Я, довольный, удалился. Спустившись с горы, я стал рассказывать Дорже о том, что монах дурак и мы его надули.
— Дорже, мы с тобой были правы! Ничего Тендол не знает и не умеет, никакой он не ясновидящий. Ему хоть что расскажешь, он всему поверит! — приговаривал я со смехом, когда окончательно спустился с горы и подошел к другу.
Он лежал неподвижно на том же месте, где я его оставил. Я стал тормошить Дорже, потому что решил, что он устал притворяться и просто заснул.
— Эй, вставай, уже все закончилось. Мы его надули. Пошли, скажем, что ты ожил, вот будет веселье! — повторял я, но, сколько бы я ни старался, Дорже продолжал лежать неподвижно.
Когда мне не удалось растормошить его, я из-за всех сил ударил друга кулаком по ребрам — ни один живой человек не мог бы спать после такого удара, но Дорже продолжал лежать неподвижно.
Я пытался пощупать у него пульс, услышать его дыхание — ни пульса, ни дыхания не было. Дорже умер и его сознание покинуло тело, в котором не успело сделать ничего полезного для людей.
Последующие часы были самыми тяжёлыми во всей моей жизни. Я то вновь пытался разбудить Дорже, то начинал причитать по мёртвому, вспоминая его родителей и его молодость. Я бил себя по лицу так, что едва не расцарапал его от горя — ведь это я сам, Тае, назвал друга мёртвым. Если бы не эти пустые и лживые слова, ничего плохого бы не случилось! Наконец, я собрался с силами и дал клятву: никогда не шутить над серьезными практиками, не отнимать у них время попусту.
Раскаявшись в своем необдуманном поступке, я решил, что теперь для меня есть только один путь — вновь взобраться на гору и повиниться перед великим Тендолом.
Тендол выслушал мои покаянные слова, мой искренний рассказ о смерти друга, и в его глазах появилось сострадание. Он вновь вытащил свой ганлин и дунул в него сверху вниз. Затем, не говоря ни слова, он жестом указал мне на выход.
Плача, я вернулся на прежнее место и увидел Дорже, который сидел и чесал затылок.
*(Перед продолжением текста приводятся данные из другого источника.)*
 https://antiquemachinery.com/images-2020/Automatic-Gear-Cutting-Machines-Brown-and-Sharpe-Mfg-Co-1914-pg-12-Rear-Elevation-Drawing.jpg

«Где ты был, Тае? Я без тебя побывал в таких прекрасных местах, такие чудеса повидал!» — воскликнул Дорже, глядя меня…
После этого случая я решил, что пойду в монахи, чтобы каяться всю оставшуюся жизнь.
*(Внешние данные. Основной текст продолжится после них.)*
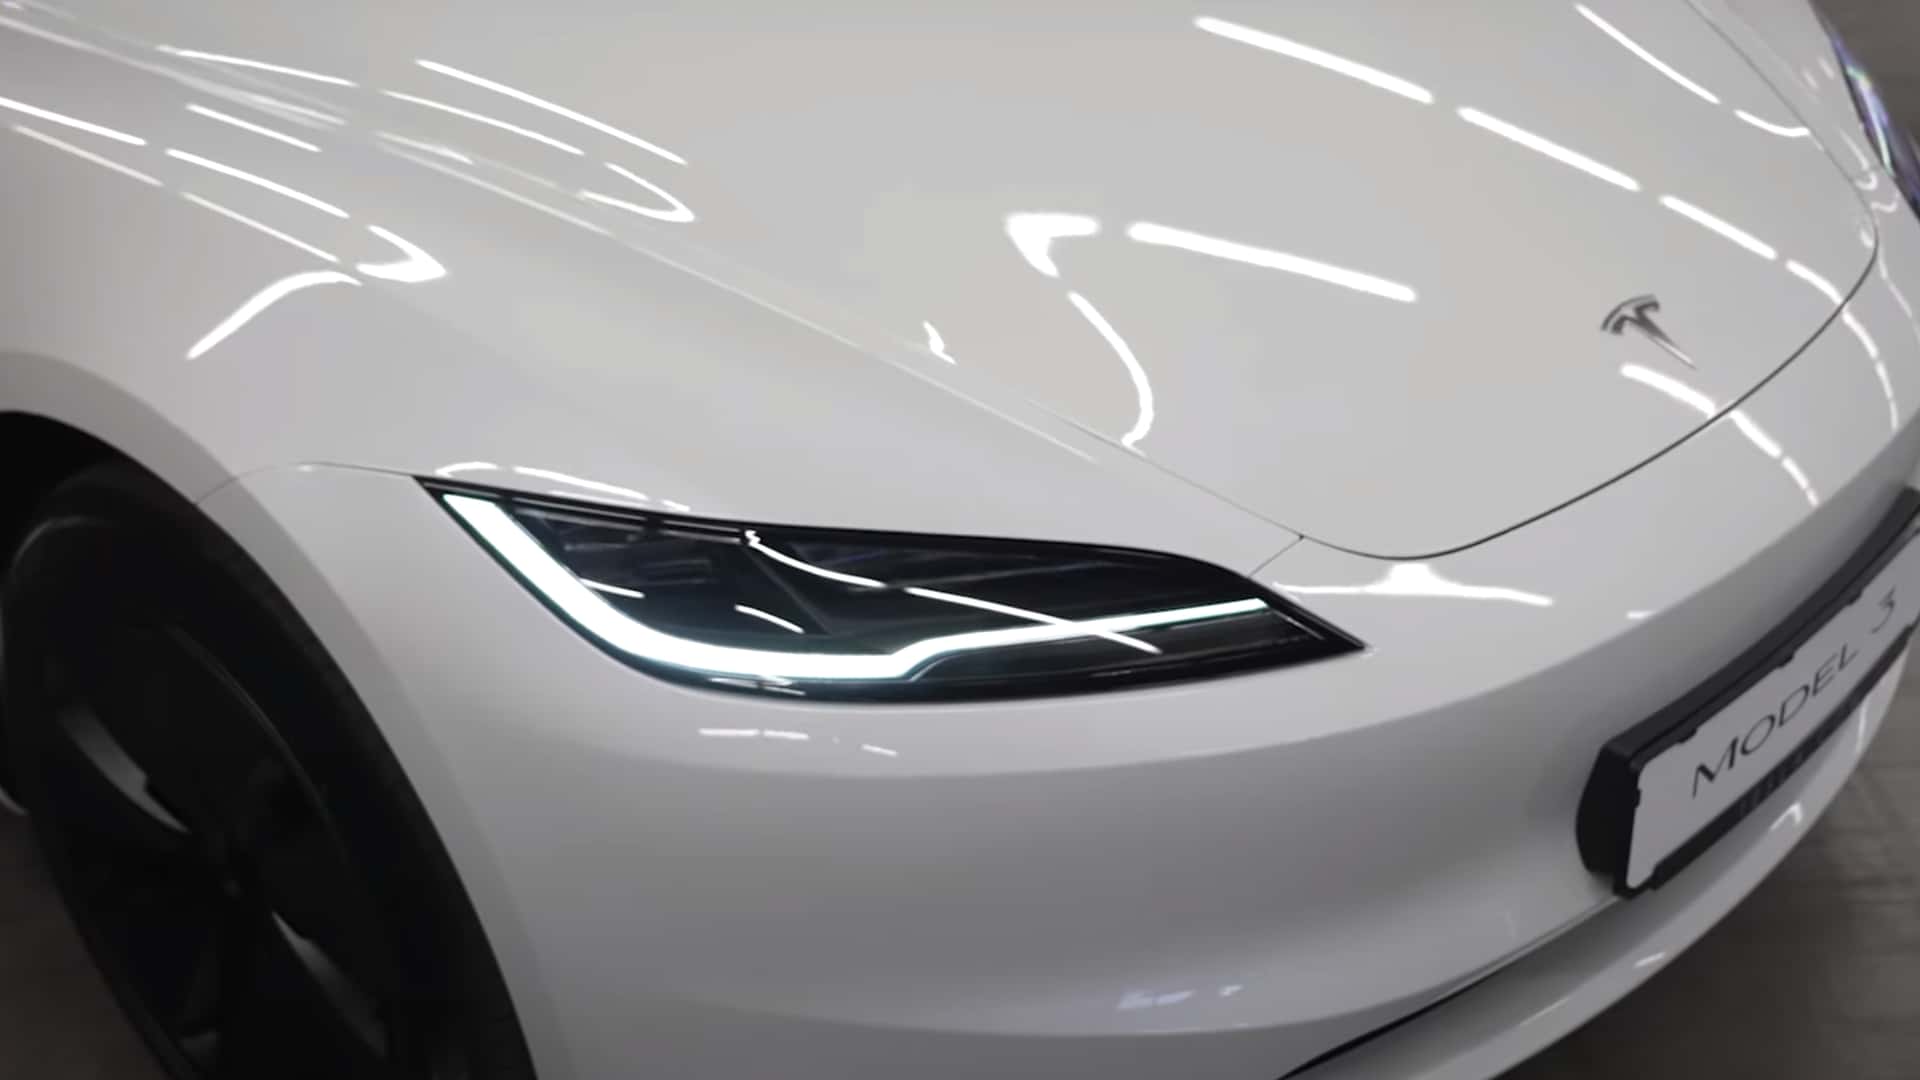 amber reflectors are coming to the u.s.-spec tesla model 3, but the internet disapproves

Сидевшие рядом монахи Батор и Ганна рассмеялись.
— В монахи идут не для того, чтобы каяться, а для того, чтобы служить Будде и людям, — сказал Батор.
А Ганна добавил:
— Учись хорошо и ты принесёшь много пользы этому миру. Это хорошо, что у тебя есть чувство вины… Я тоже впервые пришёл в дацан, чтобы покаяться. А было это так…
Есть на севере города Урга кладбище под названием «Далан давхар», что значит «В семьдесят слоёв». Там были захоронения с незапамятных времен. Проходили годы, время стирало надгробия, равняя их с землёй. Затем люди вновь хоронили там своих родителей, родственников, друзей, порой и собственных детей. Они клали нового покойника поверх старой могилы, ставшей уже незаметной, и так повторялось бесчисленное множество раз. Вот на этом кладбище я работал могильщиком.
Когда я рыл могильные ямы, то находил человеческие черепа — самую прочную часть человеческого тела — и складывал их в кучу. Не только я это делал. Другие могильщики делали то же самое.
Прошло совсем немного времени и на кладбище выросла куча черепов значительно выше человеческого роста. Издалека она выглядела как грандиозный памятник непостоянству и бренности человеческой жизни. Тысячей мертвых глазниц она смотрела сверху вниз на приходящих людей и, казалось, смеялась над ничтожностью человеческой жизни.
Однажды я решил убрать эту кучу черепов. Избавиться от неё. Уж больно она мешала. Ну, а как от неё избавишься? Это можно было сделать только одним путём - раздробив кости на мелкие кусочки.
Я стал дробить наваленные черепа железной кувалдой. Был я широкоплеч и полон богатырской силы.
— Ничто не вечно — всё подвержено тленности! И нет черепа, способного устоять под моим могучим ударом! — говорил я себе, и с треском рассыпался под моей кувалдой очередной череп.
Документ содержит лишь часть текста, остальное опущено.